━━━━━ Recorded data
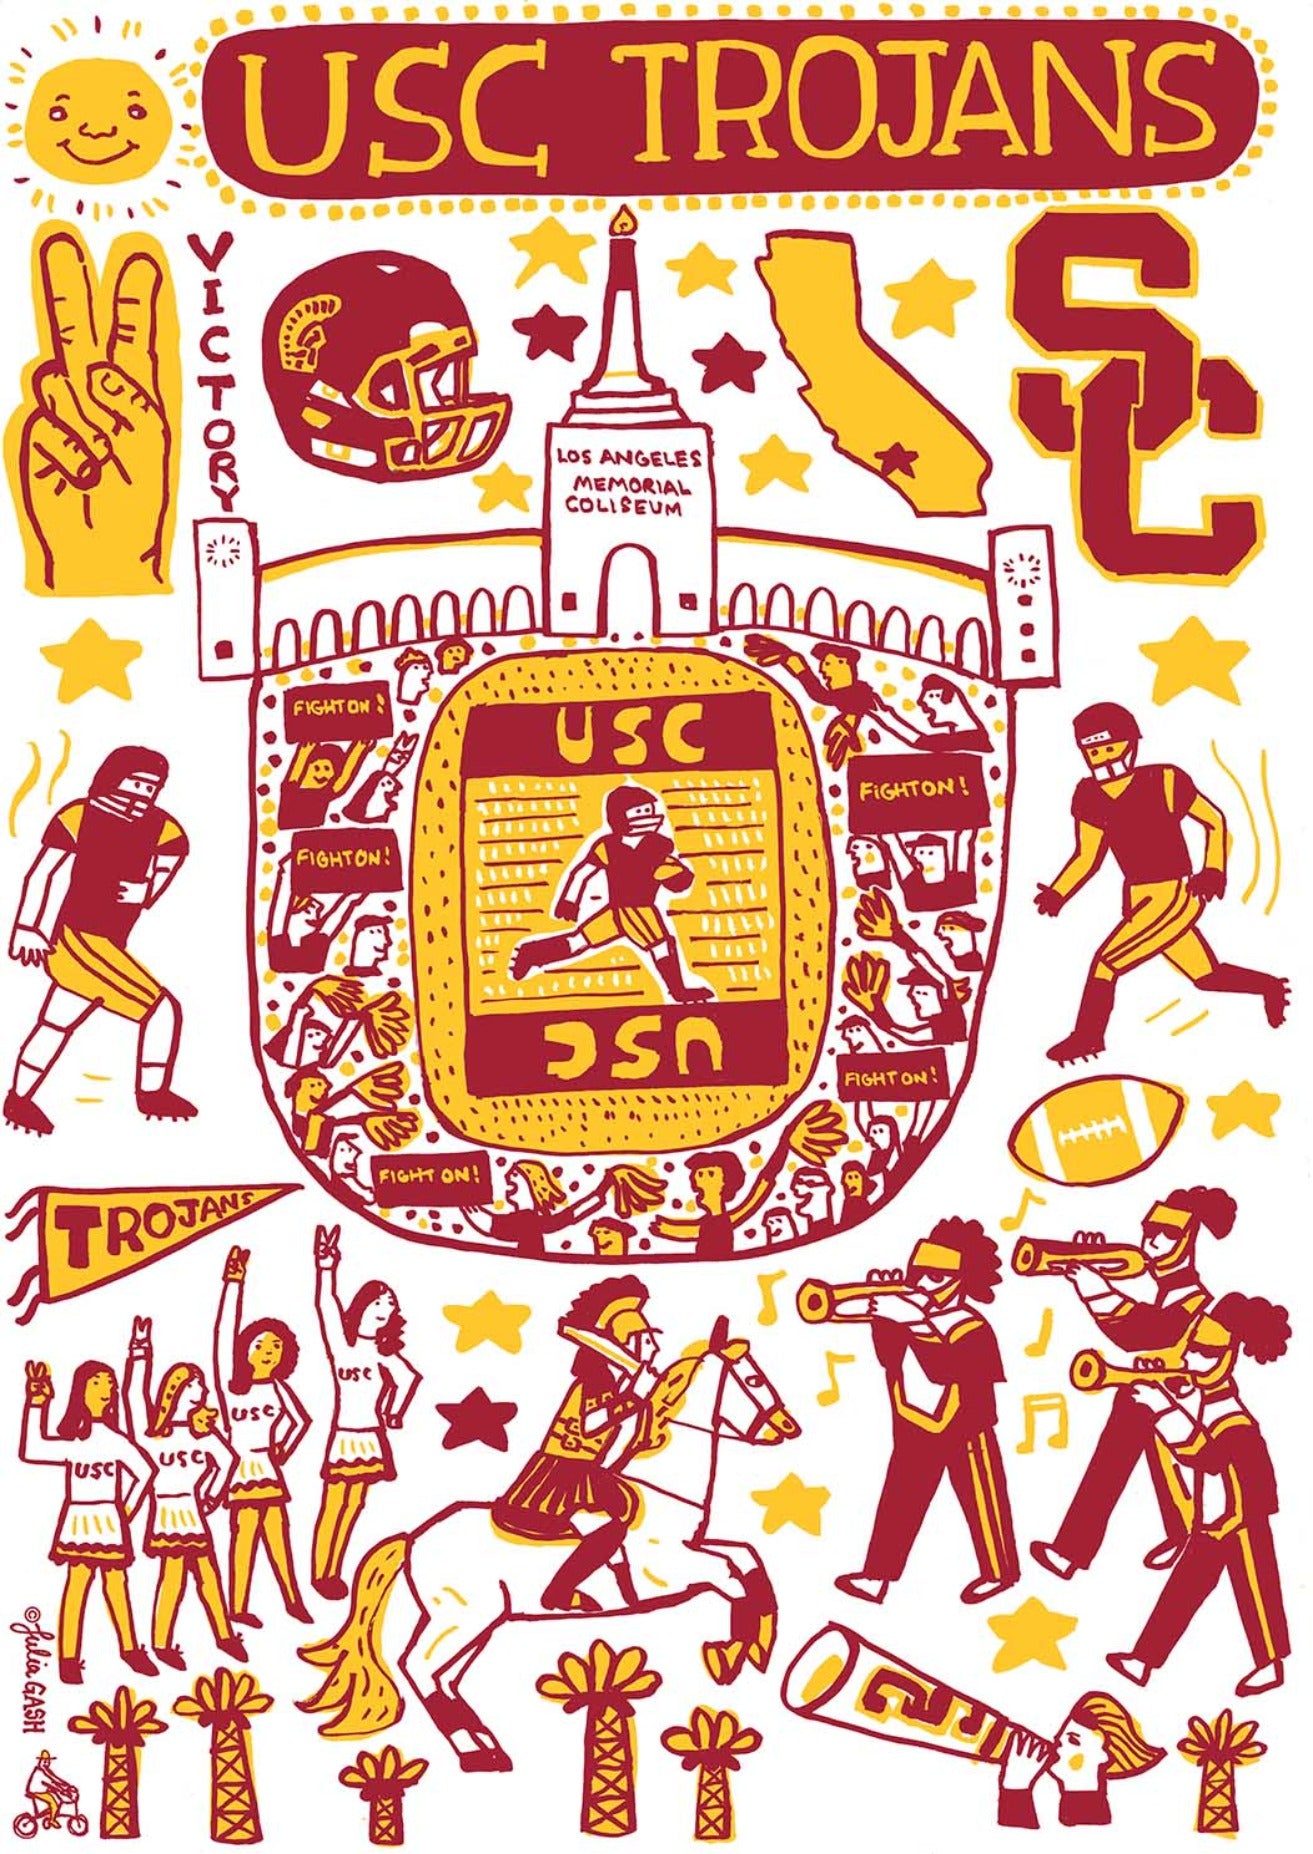 USC Trojans by Julia Gash
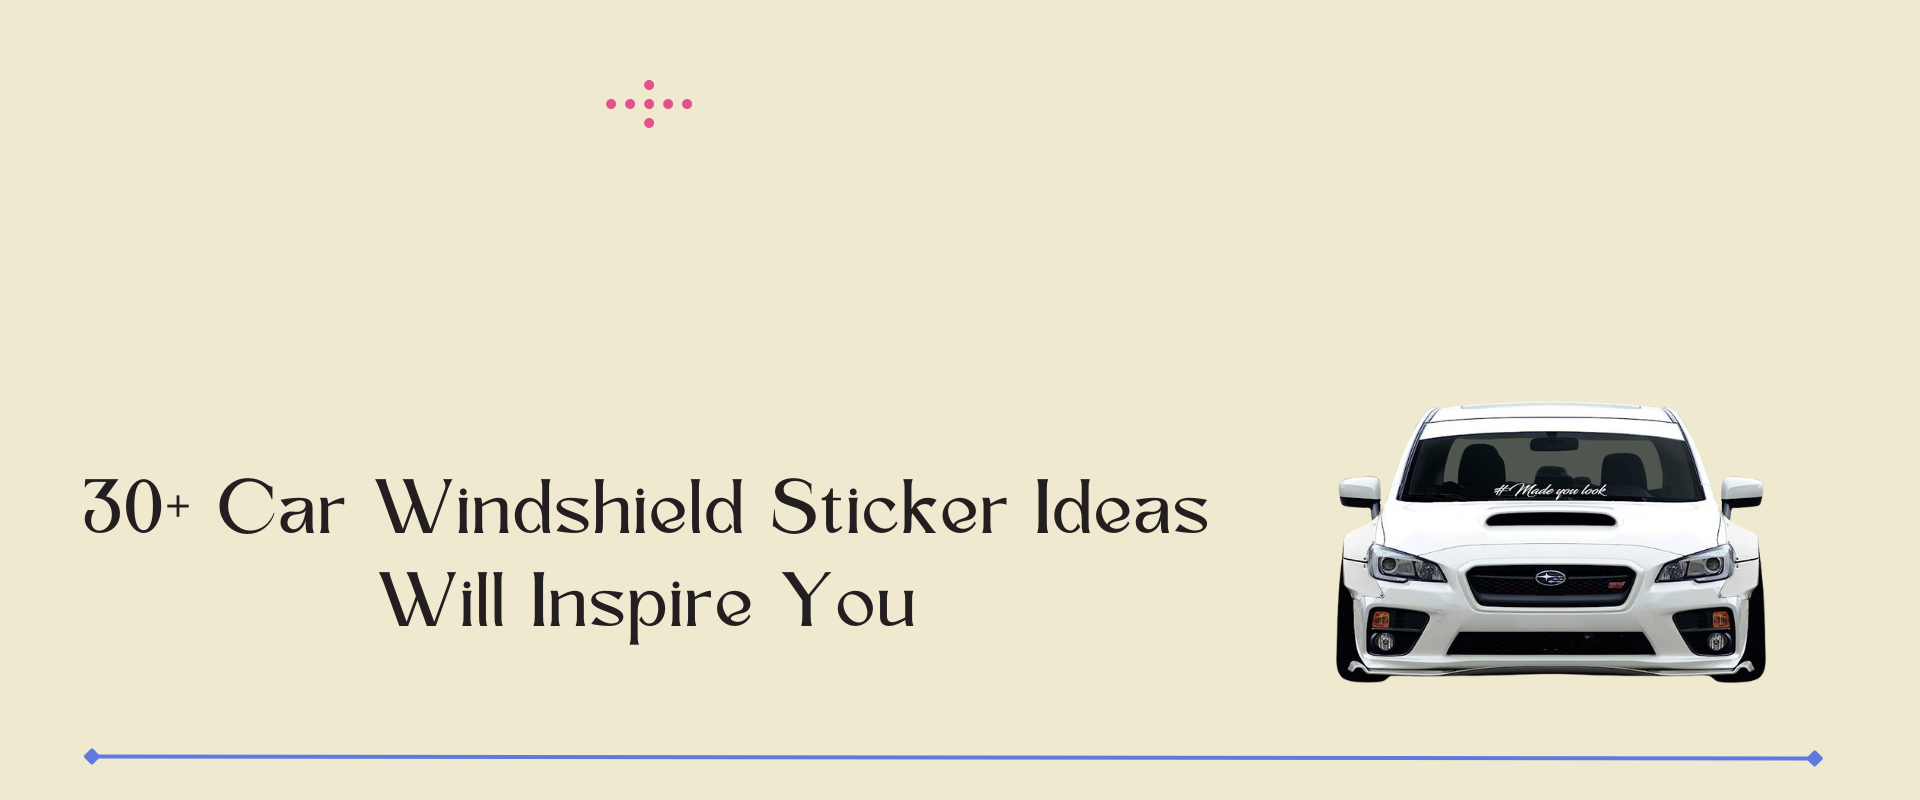 windshield sticker ideas
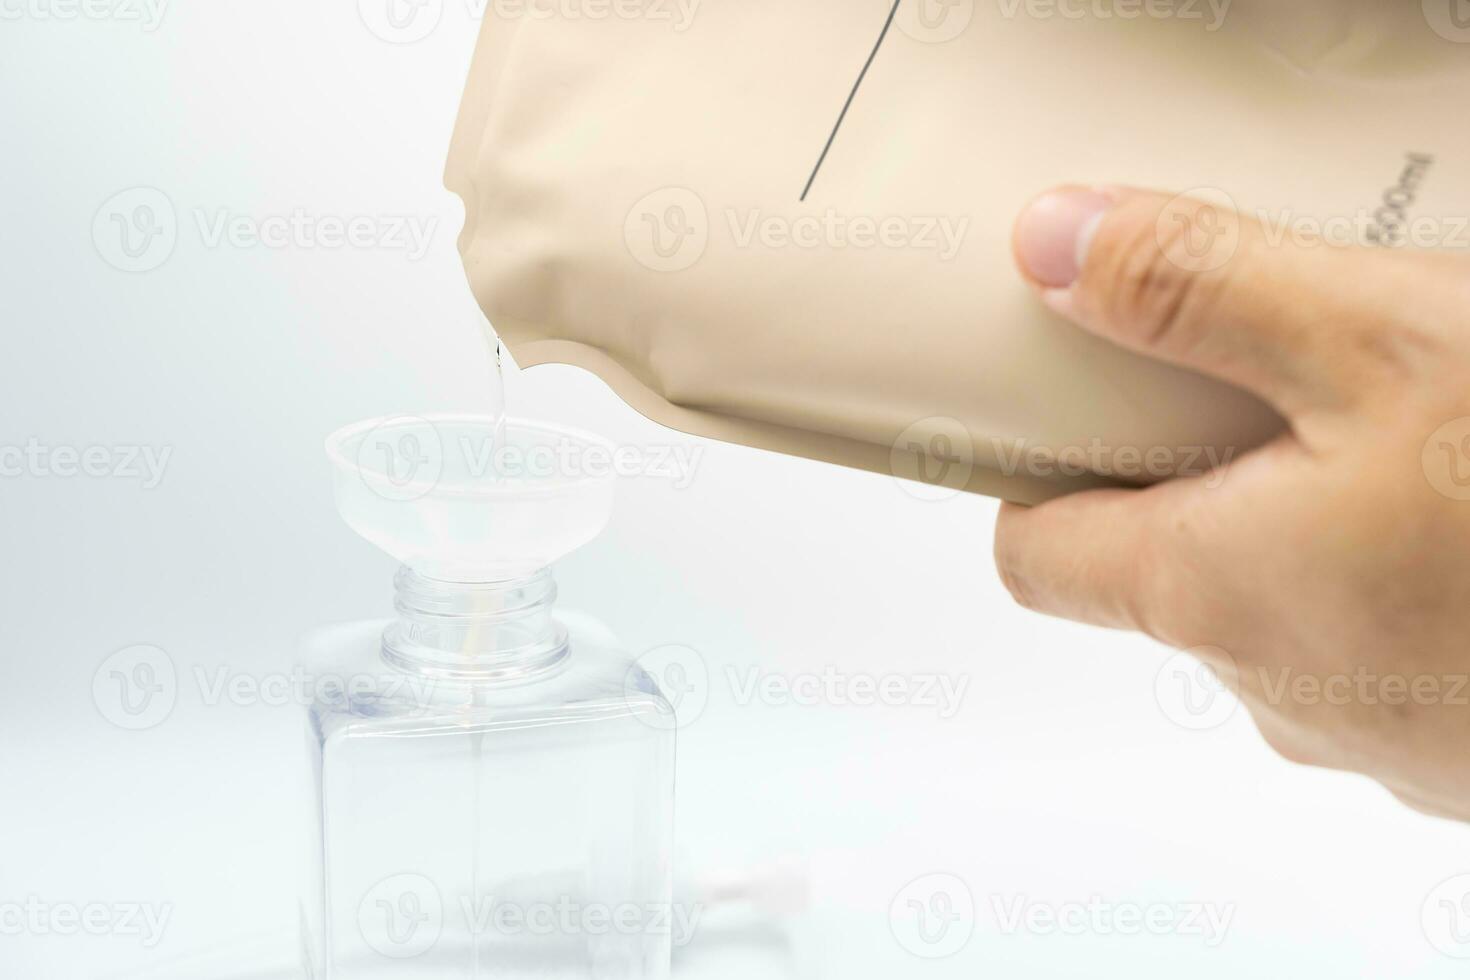 uma homem preenche uma distribuidor com líquido Sabonete de derramando isto a partir de uma reabastecer para reduzir plástico desperdício. Sabonete ou xampu para refil. foto
━━━━━━━━━━
▶ Directions
Only the lines from the one containing "windshield sticker ideas" through the last line of the data above, both included, belong in the reply, each restated exactly and without pictures.

▶ Your response
 windshield sticker ideas
 uma homem preenche uma distribuidor com líquido Sabonete de derramando isto a partir de uma reabastecer para reduzir plástico desperdício. Sabonete ou xampu para refil. foto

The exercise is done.